This data set has three files:

portfolio: It contains information about each offer. The schema and explanation of each variable in the files:

It has 6 columns:

id (string) — offer id
offer_type (string) — type of offer ie BOGO, discount, informational
difficulty (int) — minimum required spend to complete an offer
reward (int) — reward given for completing an offer
duration (int) — time for offer to be open, in days
channels (list of strings) — four possible channels are used: email, mobile, social and/or web

These are all the 10 records in the portfolio data set

Exploration of portfolio:

There are 10 different offers. Each one has a unique id.
The data frame has no null values
It has no duplicates
There are 4 different channels where the offers can be sent to customers: email, mobile, web and social. Not all offers are sent in the same ways
There are 3 types of offers: BOGO (buy one, get one), discount and informational. Four of the offers are BOGO, four are discount, and two are informational
There are different reward amount for the offers. Informational doesn’t have any reward
For every offer, there is a validity duration in days. The offer expires after the duration is over
Difficulty is measured in dollars. In order to earn an offer, there is a minimum amount of money to be spent

2. profile: It has the demographic data of 17,000 unique customers.
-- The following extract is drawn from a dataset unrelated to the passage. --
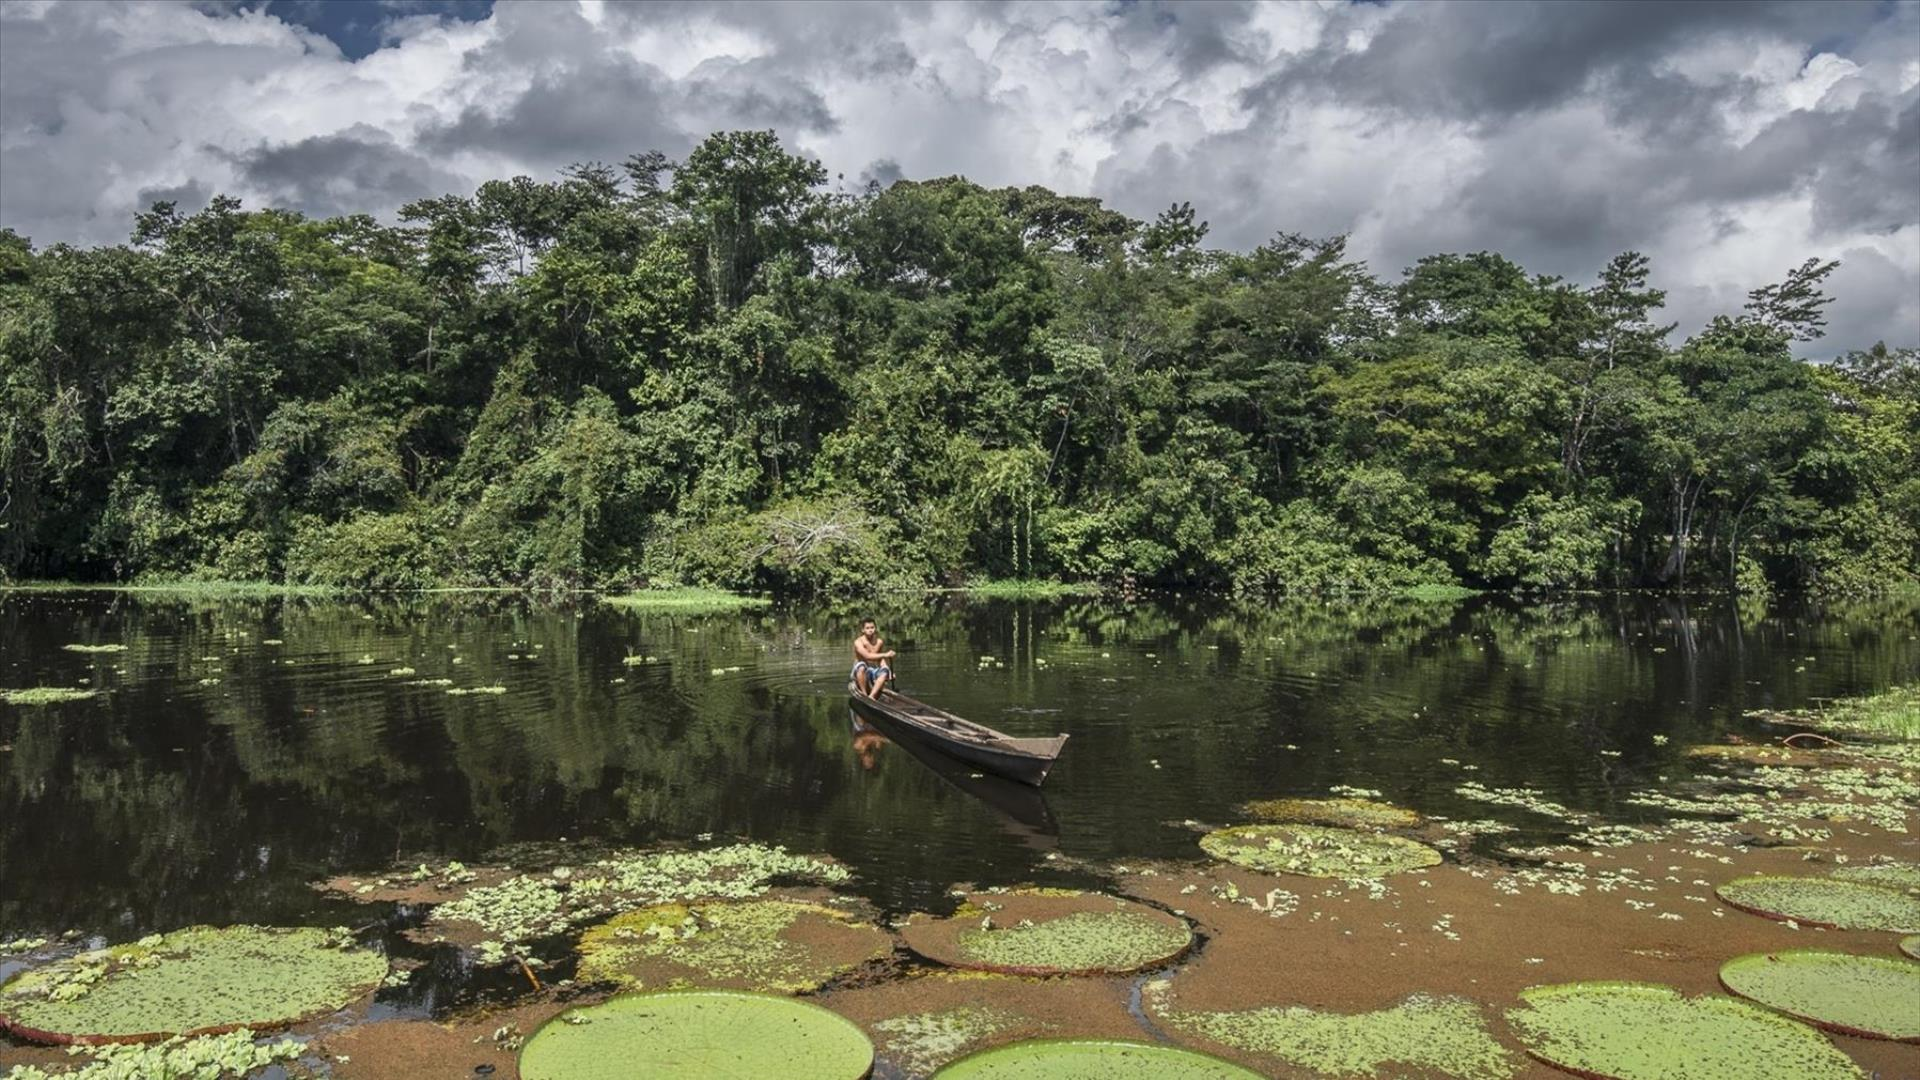 Brasilien | Rio de Janeiro, Foz do Iguacu, Urubici, Florianopolis, Amazonas, Salvador: 16 Tage Aktivreise in Kleingruppe - Brasilien Aktiv

The columns are:

age (int) — age of the customer
became_member_on (int) — date when customer created an app account
gender (str) — gender of the customer (note some entries contain ‘O’ for other rather than M or F)
id (str) — customer id
income (float) — customer’s income

These are 10 records from the profile data set. There are around 2,175 records missing data such as age and gender. Those customers will be eliminated from this analysis.

Exploration of profile:

It has no duplicates
It has the demographic data of 17,000 unique customers. However, there are 2,175 records with no income nor gender, and those records were also missing age (the value recorded was 118 for all of those 2,175, and it was given in the project overview that the missing values in the age column were encoded as 118). These will be cleaned (dropped) in the preprocessing step. Therefore, we are keeping 14,825 unique customers
Gender of Starbucks customers:

There are 3 gender categories: Female, Male, Others as shown in the bar chart below:

gender
F    6129
M    8484
O     212

More males than females get their drinks from Starbucks.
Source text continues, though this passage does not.